On jacte pour passer le temps. Les deux souris me confirment qu’elles sont danoises. Elles viennent d’achever leur doctorat en géologie et prennent un trimestre sabbatique pour visiter l’Asie. Des filles à daddy, ça se renifle illico. Je leur demande si elles ont été importunées au cours de leur voyage et elles me répondent que, mis à part des queutards un peu trop empressés, dont elles ont pu se défaire sans trop de mal, tout a baigné pour elles jusqu’à présent.

La conductrice se prénomme Martha, sa compagne Carola. Je leur assure que ce sont là des prénoms de roman. Ça les amuse. Visiblement, je plais de plus en mieux à Carola ; à preuve : elle a abaissé le pare-soleil de son côté parce qu’il y a un miroir au dos dans lequel elle me visionne complaisamment.

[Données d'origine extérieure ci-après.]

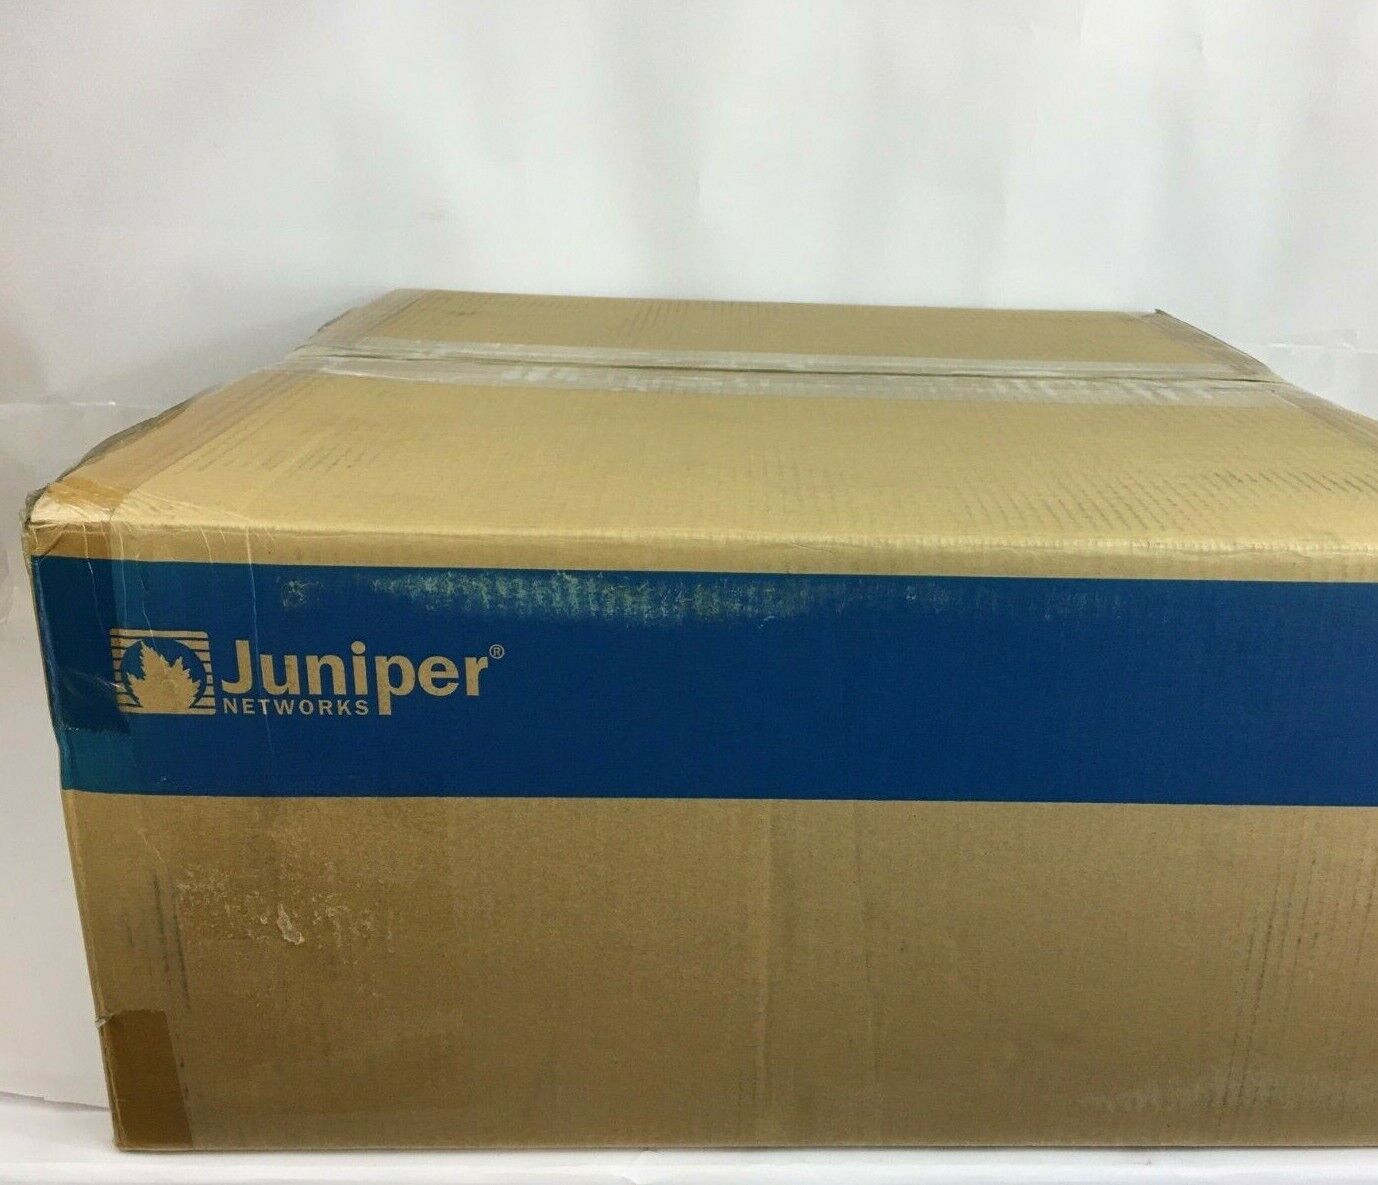 Juniper EX3200-24T 24-Port Managed Layer 3 Gigabit Switch

J’en suis troublé et, malgré ma posture biscornue, voilà que je m’épanouis de la membrane fiévreuse, ce qui ajoute encore à mon inconfort, comme tu t’en doutes. Je me mets à lui adresser des mimiques un peu rustaudes mais éloquentes, entrouvrant ma bouche en faisant frétiller ma menteuse comme une ablette au bout d’une ligne, en accompagnant cette fin de recevoir de regards enamourés qui lui irriguent le slip.

Je flaire à plein pif la bonne fortune. Il n’y aurait pas la Martha, beaucoup plus réservée, on garerait la tire dans un chemin creux et je fourrerais cette divinité contre le capot de l’automobile.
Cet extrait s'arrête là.